Лето в Михалувке и Вильгельмувке - Корчак Януш. Страница 2
Восьмилетний мальчик, который в первый раз едет один в колонию и вот так сумел пробиться сквозь толпу взрослых, а сейчас стоит передо мной чисто вымытый, улыбающийся, готовый в путь, обязательно должен быть молодцом и милым озорником. Так и оказалось. Он быстрее всех научился застилать постель и играть в домино, никогда не мерз, ни на кого не жаловался, просыпался с улыбкой и засыпал улыбаясь.
— Фишбин и Миллер-старший, третья пара.
— Здесь, — быстро, словно испуганно, отвечает отец Фишбина. Оба, и отец и сын, стоят совсем близко — видно, беспокоились, как бы не пропустить свою очередь.
— Маленький Миллер и Эйно. Эльвинг и Плоцкий.
Гуркевич решил не спать всю ночь, чтобы не опоздать, а утром мать едва его добудилась и привела на вокзал полусонного. Он, единственный из всей группы, заснул в поезде.

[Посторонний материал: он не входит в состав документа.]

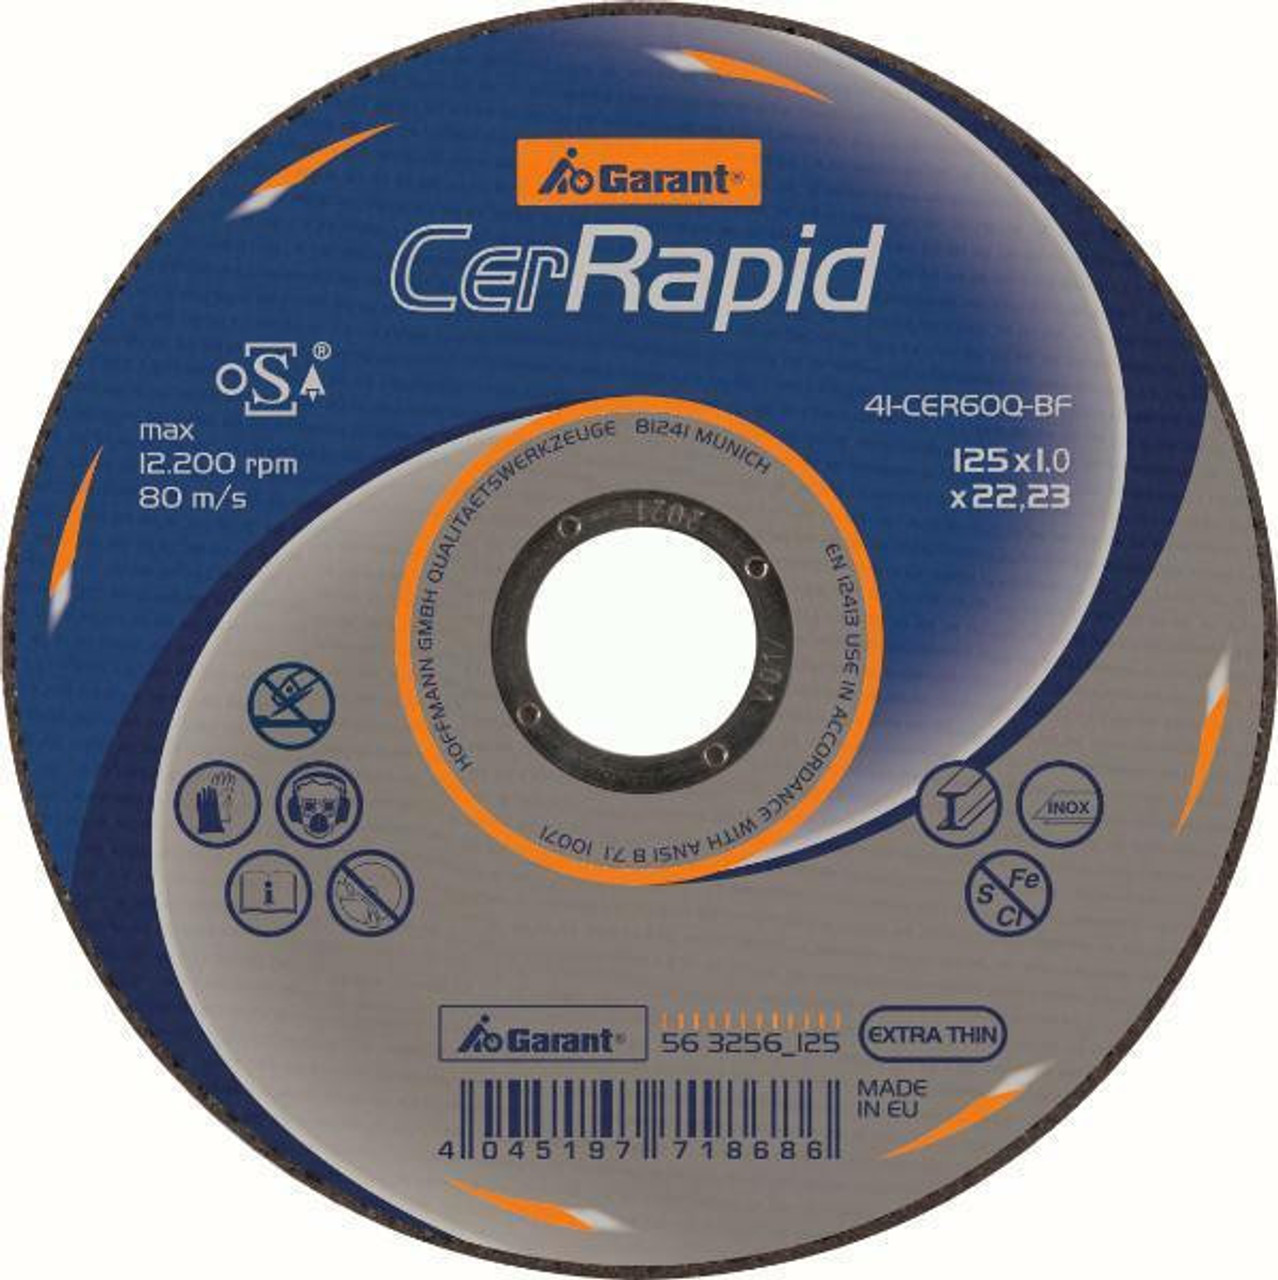 Garant CerRapid Ceramic Grit Cutting Discs Price Per Unit Garant Tools 563256

Восьмая, девятая, десятая пара.
Толкотня, прощание, напутствия, просьбы.
— Не отходите, сейчас поедем.
Звонок.
Пара за парой, группа за группой мы проходим через вокзал на перрон и садимся в вагоны. Кто порасторопнее, занимает место у окна и сможет еще раз улыбнуться родителям на прощание.
Второй звонок, третий.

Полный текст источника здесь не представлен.